A sample list of functions from the example project are presented below to understand how information is passed between MindMaker and Unreal Engine All of the UE assets relevant to the toy problem are contained in the Assets/DeeplearningNPC folder. Of particular importance is the blueprint called AI_Character_Controler_BP In the AI_Character_Controler_BP blueprint, all of the environment variables are configured for passing to the MindMaker standalone application. These include the following essential functions
Load Sensory Input function - Imports the objects to which the AI will have access to for sensing or manipulation of its environment Environmental Controls function - This controls the logic for parts of the environment that change such switching lights on and off etc
Define Action Space function - Encode all possible agent actions into a single numeric value that can be passed to the standalone application for evaluation by the RL algorithm
LaunchMindMaker function – this calls the standalone application at the commencing of play so that it can begin evaluation data from the UE environment. After this is initiated, the RL application begins probing the environment with random actions it generates itself, like a blind person searching in the dark for a light. The light is the reward,which is specified in UE function Check Reward function. LaunchLearningEngine also passes in some basic UE environment information to the standalone application, like the number of actions the agent can take, the total number of episodes to train for, and the number of episodes to display the agents acquired strategy after training. Displaying all the agents random training would take far too long.

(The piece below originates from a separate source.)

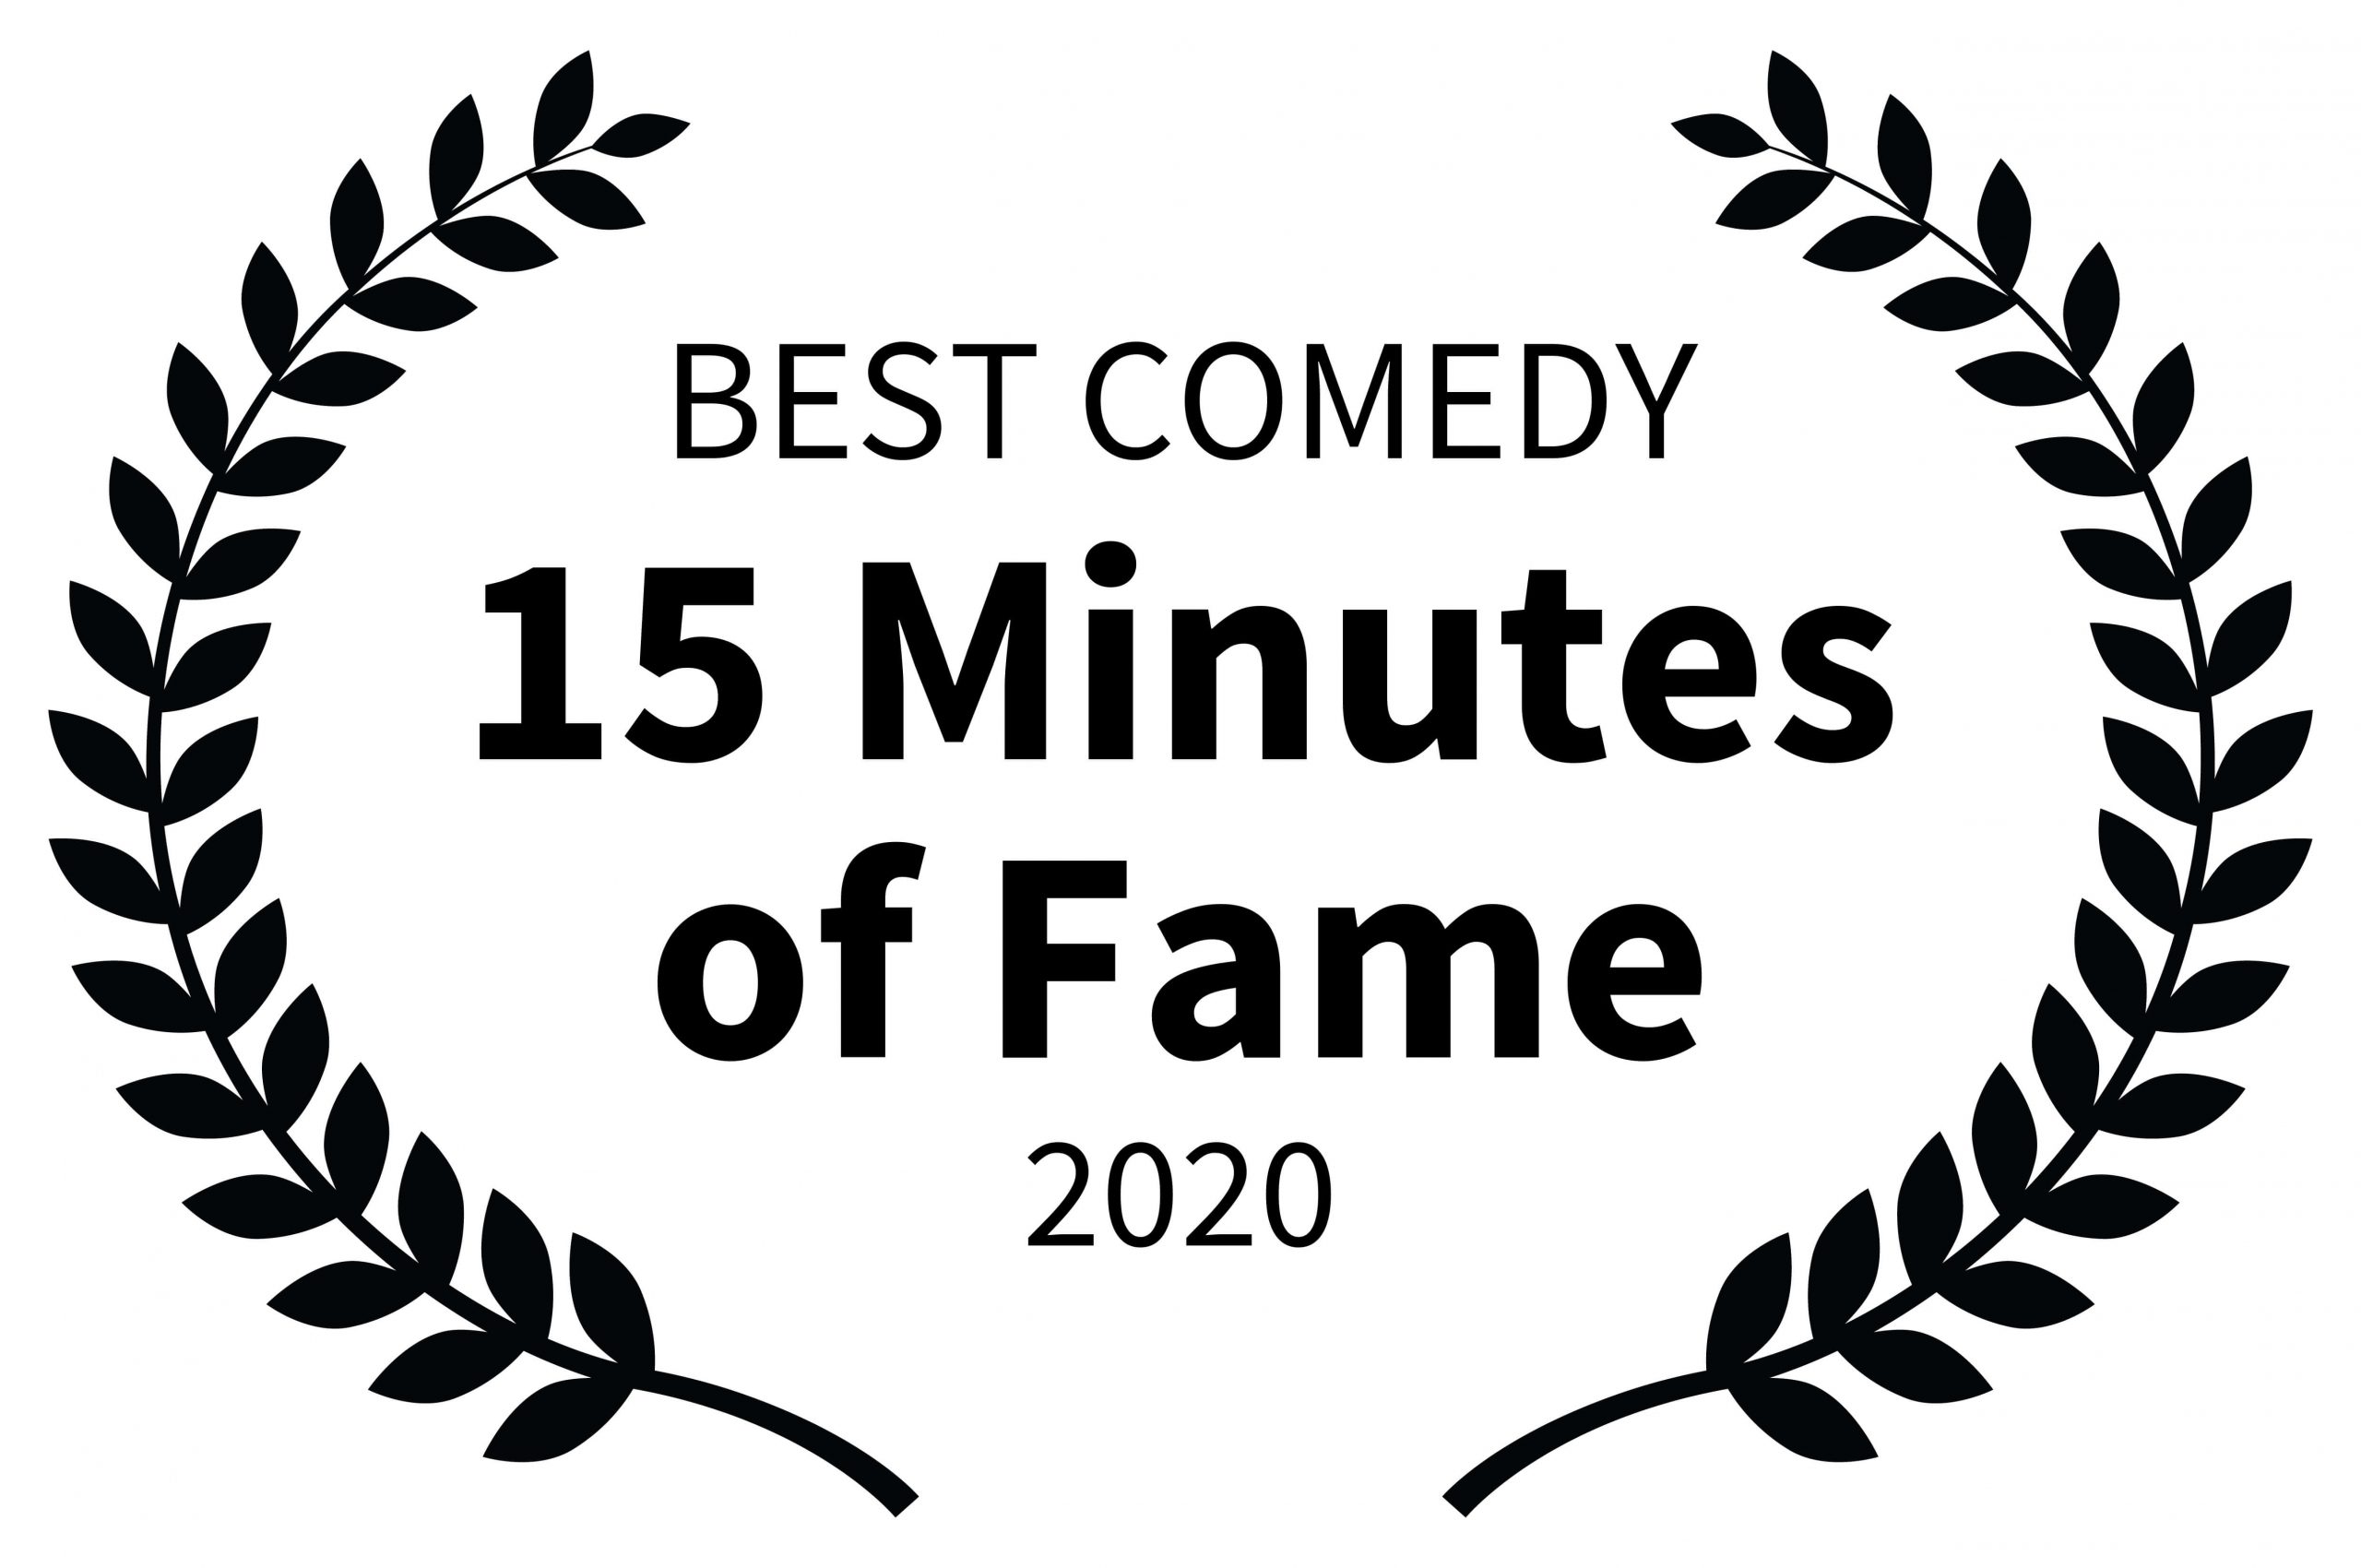 BEST COMEDY - 15 MINUTES FAME 2020

ReceiveAction function – after the launch learning engine function has begun, the next function to fire is recieveaction. This receives the action that is chosen by the standalone application, and does a number of follow up procedures with it, such as updating the agents location in the environment, checking if the new action satisfies the reward condition, displaying the agents actions if we are through with training, and updated the agents observations about its environment so that they can be passed back to the standalone application in the next episode.
Make Observations function – The purpose of this is to update the agents observations about its environment following the action it has just taken. These will include, for instance, the agents location with the environment and any other environmental data that has changed since it last took an action. These are stored in a custom structure variable.
CheckReward – this specifies the reward condition for the agent in the environment. If this reward condition is met following the agent taking an action, this information is passed to the standalone application in the send observations function that follows. Send Observations Function – takes the new observations made by the agent as well as any reward information and passes them to the standalone application. This is how the RL algorithm will be able to evaluate whether the action it has just taken was a good one, and update its strategy accordingly. After this function fires, the one iteration or episode of the game is complete, and the process repeats ad infinitum.